OCR'ed PDF search results display file names

Hi all,

Recently, I've ingested a number of OCR'd PDFs into Omeka. If I were to search for a specific item, the search results displays the appropriate PDFs by its title and description. When I click on it, I'm able to go to the item page and view it as normal. However, if I were to search for text within an OCR'd PDf, the search results display the actual file name of the PDF instead of its title. And when I click on it, it displays info about the file such as its file type, size, OCR text, etc. This page is, to be honest, useless to me and to my users. How can I have the search results resemble the normal style and content display as mentioned in the first case when searching by text in an OCR'd PDF?


- Darrin

This might vary based on the theme you are using, but am I guessing right that in the search results, in the second case the record type is "File", rather than "Item"?

If so, is the OCR text part of the File metadata, not the Item metadata?

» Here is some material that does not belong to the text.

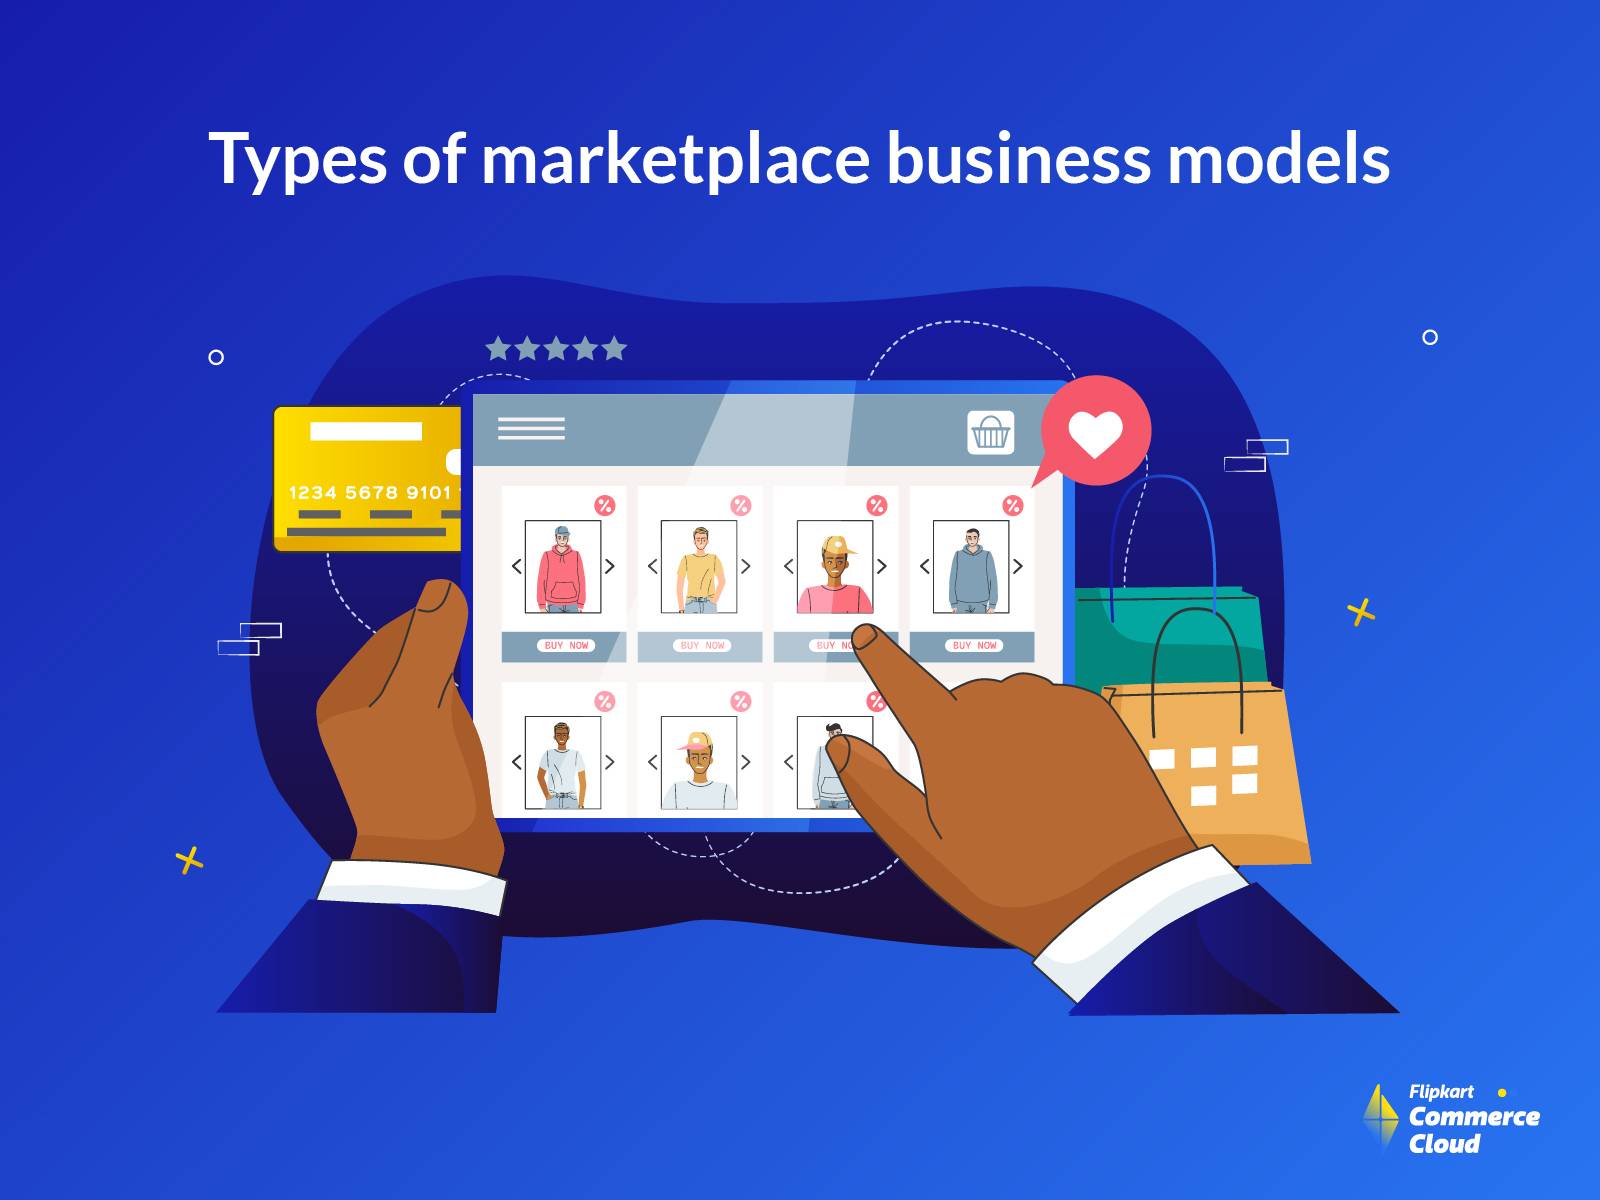 Marketplace business models

You're right in that the record type is File and not Item. It looks like the OCR text is part of the File metadata, but I need it to be associated to the Item instead. That way when a user searches for text within the PDF, items (with their associated titles) are displayed in the search results and not the file (and associated file names). Does that make sense?

You have two courses of action, probably depending on how many PDFs you have.

One is to manually copy the text out of the File metadata and put it in the Item metadata, probably using the 'Text' element in the Text Item Type.

Then, depending on how you are adding the text, just follow that process. If you're using the PDFText plugin, though, that will continue to attach it to the file.

If you have lots of items, though, the other approach is to hack a change in your theme.

You would want to copy the 'search/index.php' file into your theme as described here.

Then, just before the line

<?php if ($recordImage = record_image($recordType, 'square_thumbnail')): ?>

add this code:

            if ($recordType == 'File') {
                $record = $record->getItem();

I've only done very limited testing on that approach, but I suspect it will work okay.